Ночь Василий проспал не просыпаясь. Проснулся выспавшимся. Свежим. Шутка вылезла из-под кровати, потягиваясь. Ей, кажется, тоже было хорошо среди знакомых людей. Лида и Ваня – это свои. И если они так внимательны к неизвестной ей Марии Сергеевне, значит, она тоже своя. Тем более – кормит ее. Кормит такими косточками, на которых есть что обглодать. И не бросает их, как Серафима Григорьевна, а подает, приговаривая. Пусть Шутка не понимает всех ее слов, но это ласковые слова. В них нет ни одного рычащего слова: «жри», «прорва», «мымра», «обжора».
У Марии Сергеевны певучие слова: «Шуточка», «бедняжечка», «умница», «чистюлечка»…
Нет, Шутка понимает почти все. Скажи ей слово «часы» – и она посмотрит на них. Скажи «хорь» – и она залает. Она, может быть, и могла бы стать говорящей собакой, и ей иногда хотелось произнести имя самого любимого человека – «Лида», но у нее по-другому был устроен рот. И если бы не это, то мир был бы потрясен, услышав первую говорящую собаку. Она бы, наверно, была тогда еще более знаменитой, чем Лайка, Белка, Стрелка…
Назначение этих строк, посвященных Шутке, во-первых, состоит в том, чтобы отдать дань этому слову, оказавшемуся и именем собаки, во-вторых, чтобы сделать перебивку во времени, дать Василию появиться на заводе.
Он пришел туда, как не приходил давно. Пожалуй, с того незабываемого дня, когда он, перестав быть учеником, стал рабочим. Будто снова впервые Василий пришел в свой цех. И все ему снова так дорого. И шум, и дым. И сверкание тысяч раз виденных, слепящих искр, вылетающих золотым снопом из ковшей при разливе стали. И малиновый свет темнеющих слитков, освободившихся от форм и увозимых в прокатные цехи. Радостная и суетная работа одноруких завалочных машин, сующих в огненную пасть мартенов мульду. Все такое привычное и такое новое!..

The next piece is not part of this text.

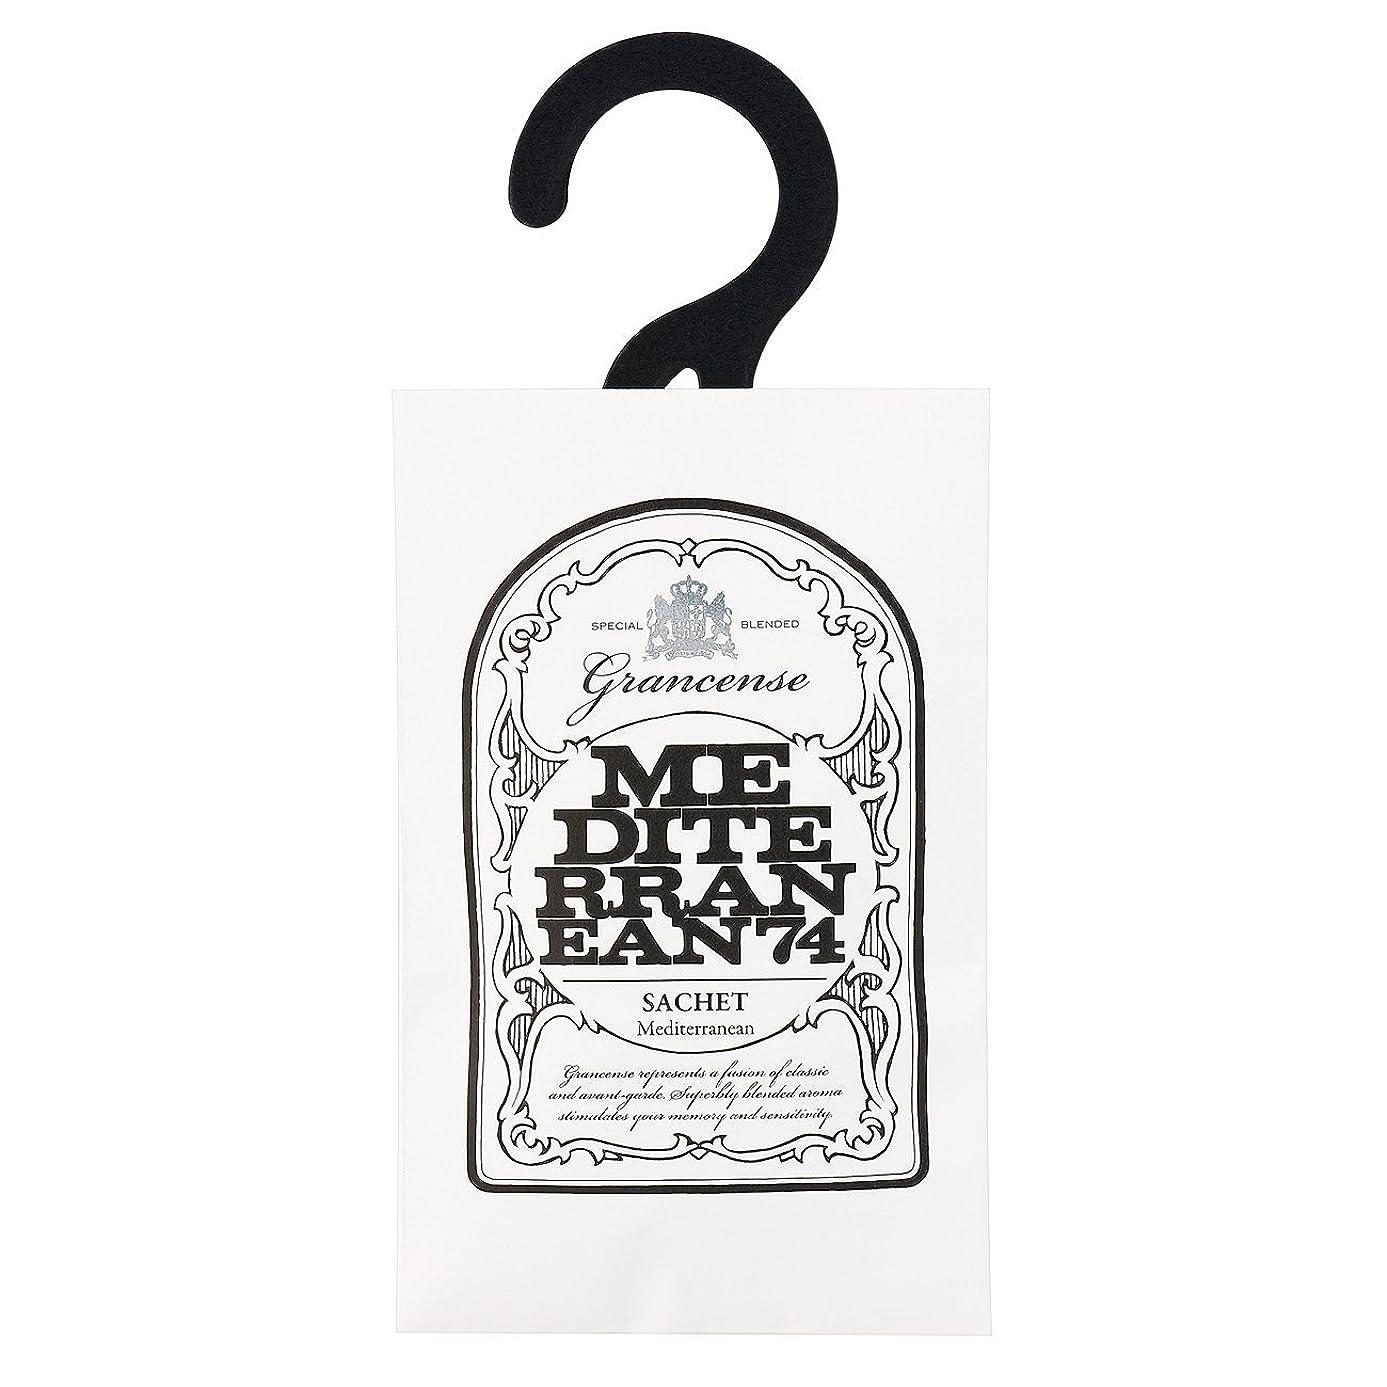 翻訳する暫定付属品グランセンス サシェ(約2~4週間) メディテレーニアン 12g(芳香剤 香り袋 アロマサシェ 潮風を感じさせてくれるアクアティック?フローラルの香り)

Киреев зашел в комнату цехового партбюро. Здесь он, кажется, не бывал больше года. И у него, кажется, там не было никакого дела. И он даже не помнил, кто теперь в партбюро. Но его ноги будто сами остановились перед этой дверью, а руки открыли ее. И он прошел туда. Прошел и увидел Афанасия Юдина, сталевара с девятой печи.
– Здорово, Афоня!
– Привет, Вася! Ну как?
– Не знаю, что и сказать.
– Веселый какой-то ты.
– Да, понимаешь, я как-то повеселел…
Слово за слово… Дальше – больше. И оказалось, что было бы странно, если бы он пришел не сюда, к секретарю партбюро, а к кому-то другому. И мало этого – Василий почувствовал, что именно здесь, именно с Юдиным, он может и должен поговорить, как он был способен разговаривать только с Аркадием Барановым. Не сейчас, разумеется, а потом. Завтра. Через неделю. Через два месяца. Василию стало отчетливо ясно, что этот приход сюда, в комнату цехового партийного бюро, вовсе не был случаен. Внутренняя потребность, великое очищение звали сюда Василия. Поговорили ни о чем, а в общем об очень многом. Главное сказалось где-то между слов. Василий произвел одень хорошее впечатление на Афанасия Александровича Юдина, и тот сказал:
– Василий Петрович, я тебе советую кончать с отпуском. Тебе нельзя сейчас оставаться без работы. Тебе нужно в жар, в пекло, по самую маковку.
– Пожалуй, понимаешь, Афанасий, что так!
Василий направился к начальнику цеха, чтобы объявить ему о прекращении отпуска по – его личному желанию и по совету секретаря партийного бюро, товарища Юдина.